## The input
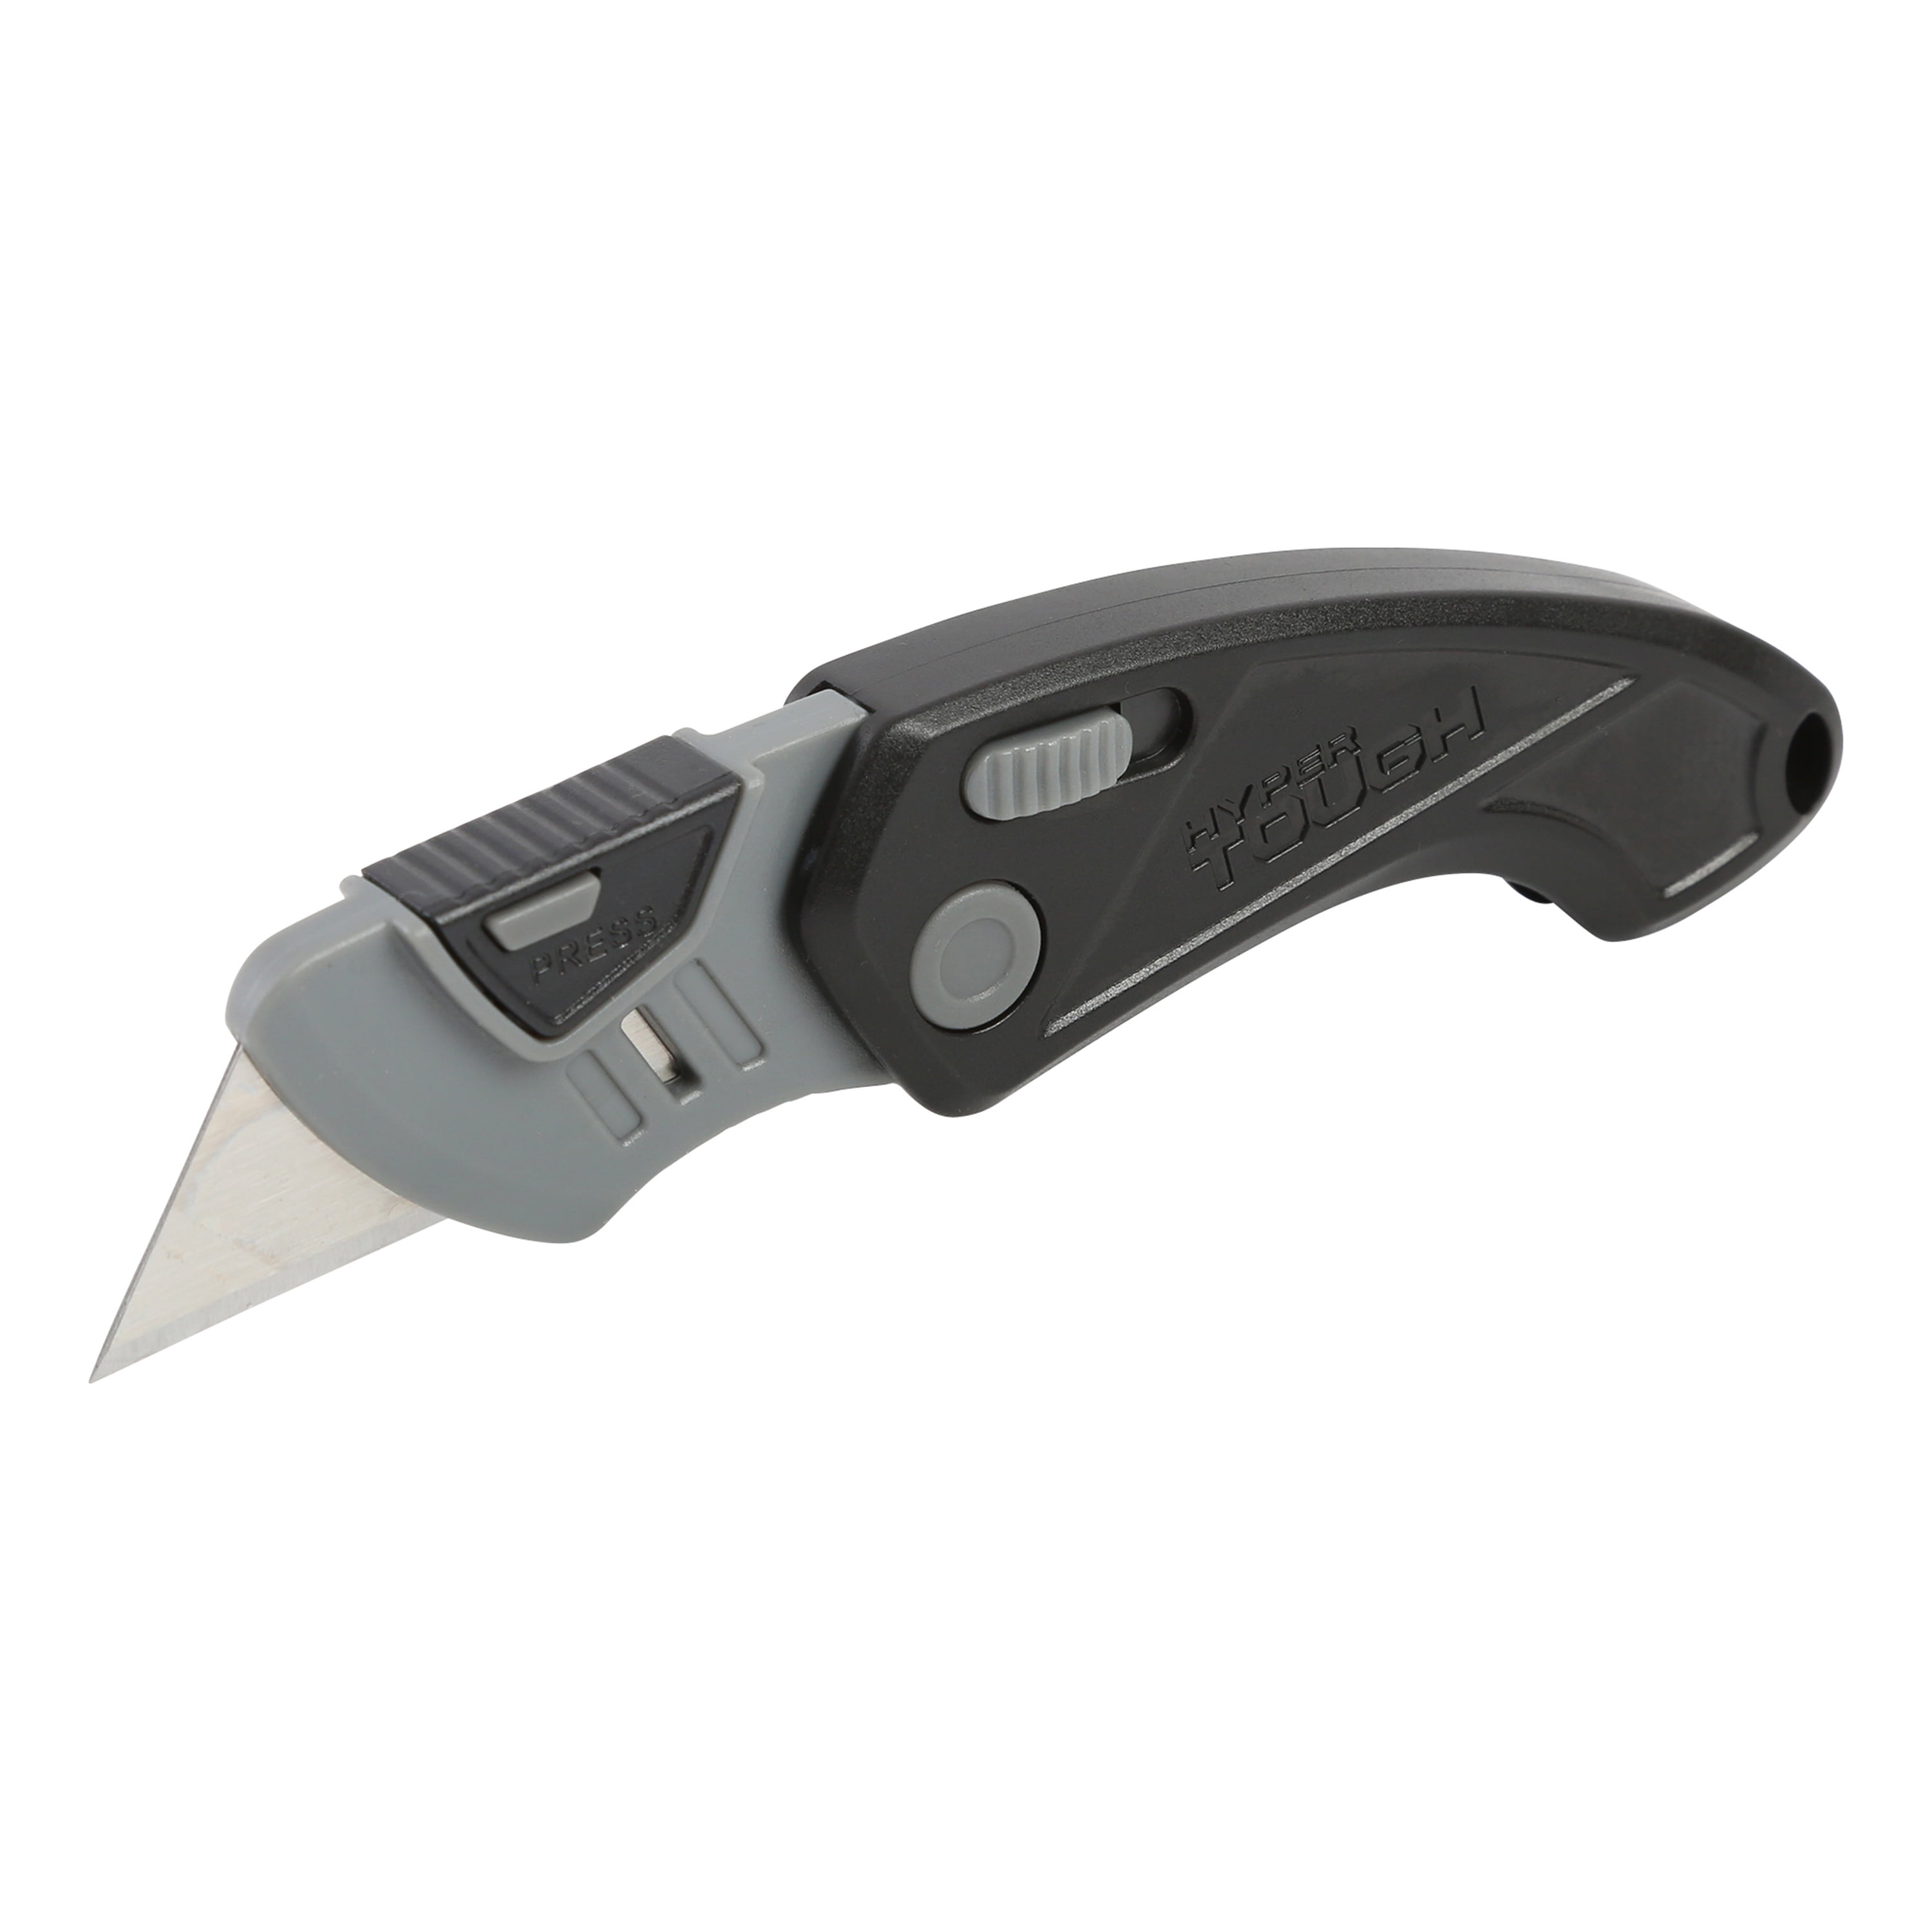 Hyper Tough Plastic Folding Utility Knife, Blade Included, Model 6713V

==

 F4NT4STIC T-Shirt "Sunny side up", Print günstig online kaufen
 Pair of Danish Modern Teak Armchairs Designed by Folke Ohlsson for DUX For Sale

## Instructions for the task
Working from the data above, extract solely the lines from the one containing "günstig online kaufen" through the one containing "Pair of Danish", exactly as they appear, both included.

## Finished task
 F4NT4STIC T-Shirt "Sunny side up", Print günstig online kaufen
 Pair of Danish Modern Teak Armchairs Designed by Folke Ohlsson for DUX For Sale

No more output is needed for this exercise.